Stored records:
========
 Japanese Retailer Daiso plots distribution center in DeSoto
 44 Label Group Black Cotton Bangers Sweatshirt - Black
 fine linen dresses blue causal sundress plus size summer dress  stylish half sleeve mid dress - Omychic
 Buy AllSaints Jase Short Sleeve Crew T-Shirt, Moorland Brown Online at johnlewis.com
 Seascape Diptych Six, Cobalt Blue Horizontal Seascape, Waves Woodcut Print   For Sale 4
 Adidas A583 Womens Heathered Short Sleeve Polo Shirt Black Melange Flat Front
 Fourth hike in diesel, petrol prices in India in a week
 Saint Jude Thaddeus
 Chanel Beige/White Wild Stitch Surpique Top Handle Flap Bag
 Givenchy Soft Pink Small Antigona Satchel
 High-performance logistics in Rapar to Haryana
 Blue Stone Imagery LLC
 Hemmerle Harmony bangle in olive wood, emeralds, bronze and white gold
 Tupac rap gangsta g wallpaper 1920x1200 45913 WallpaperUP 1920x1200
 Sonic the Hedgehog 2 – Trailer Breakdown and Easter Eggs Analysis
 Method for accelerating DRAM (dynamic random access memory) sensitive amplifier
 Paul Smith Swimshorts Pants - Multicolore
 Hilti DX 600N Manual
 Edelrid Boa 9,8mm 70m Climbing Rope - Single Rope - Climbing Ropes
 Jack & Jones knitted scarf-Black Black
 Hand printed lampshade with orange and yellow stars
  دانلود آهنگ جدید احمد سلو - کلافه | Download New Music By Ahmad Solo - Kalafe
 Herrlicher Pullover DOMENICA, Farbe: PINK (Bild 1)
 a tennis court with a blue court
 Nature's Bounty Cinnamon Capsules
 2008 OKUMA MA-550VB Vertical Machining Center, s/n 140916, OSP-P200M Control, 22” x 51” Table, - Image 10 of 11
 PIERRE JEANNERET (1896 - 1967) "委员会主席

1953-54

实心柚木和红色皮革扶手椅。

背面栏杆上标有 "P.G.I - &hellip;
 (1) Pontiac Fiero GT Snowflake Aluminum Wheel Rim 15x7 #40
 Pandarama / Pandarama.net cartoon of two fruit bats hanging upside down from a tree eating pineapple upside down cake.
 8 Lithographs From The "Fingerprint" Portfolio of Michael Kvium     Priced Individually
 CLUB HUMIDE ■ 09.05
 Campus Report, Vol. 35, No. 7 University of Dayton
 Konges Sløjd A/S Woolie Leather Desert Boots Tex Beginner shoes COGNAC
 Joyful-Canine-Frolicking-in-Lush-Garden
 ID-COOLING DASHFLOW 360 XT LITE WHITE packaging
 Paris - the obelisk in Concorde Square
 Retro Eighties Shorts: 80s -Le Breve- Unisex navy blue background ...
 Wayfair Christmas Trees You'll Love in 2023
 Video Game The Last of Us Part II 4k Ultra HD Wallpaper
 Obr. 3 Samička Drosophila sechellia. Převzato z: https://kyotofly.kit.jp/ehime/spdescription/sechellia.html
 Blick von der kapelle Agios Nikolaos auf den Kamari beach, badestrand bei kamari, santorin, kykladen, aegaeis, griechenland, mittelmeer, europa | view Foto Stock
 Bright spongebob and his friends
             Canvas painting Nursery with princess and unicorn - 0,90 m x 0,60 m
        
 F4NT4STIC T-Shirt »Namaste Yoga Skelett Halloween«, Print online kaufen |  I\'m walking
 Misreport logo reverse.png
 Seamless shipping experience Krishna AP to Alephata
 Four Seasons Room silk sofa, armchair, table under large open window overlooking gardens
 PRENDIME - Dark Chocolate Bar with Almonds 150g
========
Go through the entries and report every line with the string "Black".

| SOLVED PROBLEM |
 44 Label Group Black Cotton Bangers Sweatshirt - Black
 Adidas A583 Womens Heathered Short Sleeve Polo Shirt Black Melange Flat Front
 Jack & Jones knitted scarf-Black Black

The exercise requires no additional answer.